There's a very large lay by/side road off the A82 beside Loch Lomond. We have stopped there for lunch a few times over the years. I'm not sure of it's exact location hopefully somebody living in the area will give some details.

Don


----------



## quiraing (Feb 12, 2007)

Parking at the side of Loch Lomond not advised - however there is a car park on the left at the north end of Arrocher on the A83 which attracts a number of overnighting M/Homes , it is opposite the filling station, also there is a car park at the Forestry commission visitors centre about 4 miles further on the same road. Hope you enjoy your holiday in God's country.


----------



## clodhopper2006 (Aug 13, 2006)

clodhopper2006 said:


> . Also if you swing right at Tarbet and go through Arochar
> 
> Bob


OOOOOOOPS DO NOT SWING RIGHT! unless you are amphibious. I meant left


----------



## Bill_Posters (May 28, 2007)

Whilst up that way I can thoroughly recommend a visit to the Drovers at Ardlui

The Drovers

It has to be one of the best pubs in the UK. They appear to have made an art form of NOT decorating it for 300 years!
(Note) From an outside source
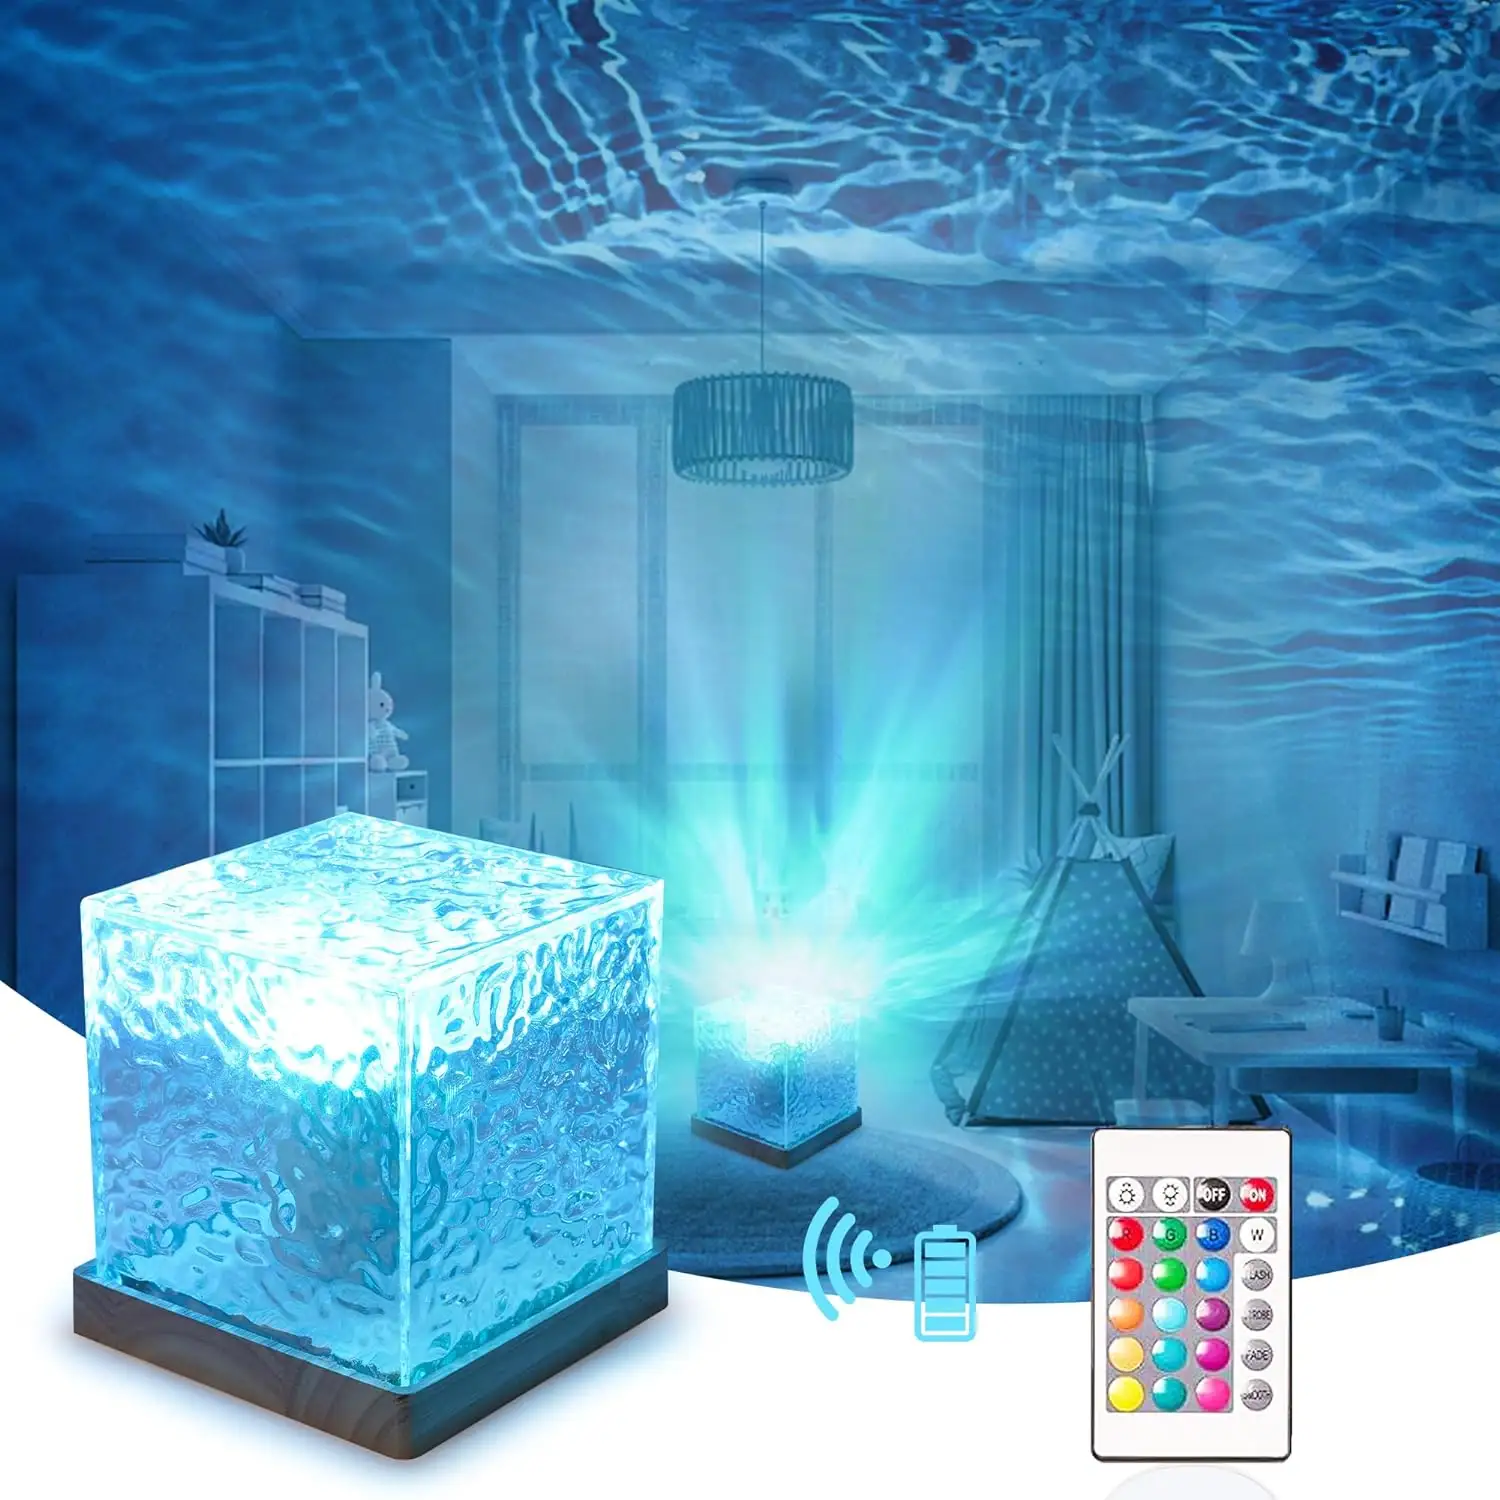 3D 16 colores giratoria cristal Aurora lámpara azul dinámica agua ondulación cubo lámpara mesa noche lámpara

It's a great place, with stone flag floors and beamed ceilings.

Map


----------



## clodhopper2006 (Aug 13, 2006)

Bill_Posters said:


> Whilst up that way I can thoroughly recommend a visit to the Drovers at Ardlui
> 
> The Drovers
> 
> ...


Seconded!


----------



## Bill_Posters (May 28, 2007)

Also, depending on your plans, a drive through Glencoe is a must. If you enjoy stunning walks I can thoroughly recommend :-

Glencoe Lochan


----------



## brandywine (Aug 28, 2007)

There is a late arrivals parking area outside the Luss C&CC park if of any help.

Site is on campsite database.

Best of luck.


----------



## Batch (Dec 2, 2005)

Thanks every one. I feel much more confident of finding some where. Just a reminder of what great contributors and helpful people we have on MHF


----------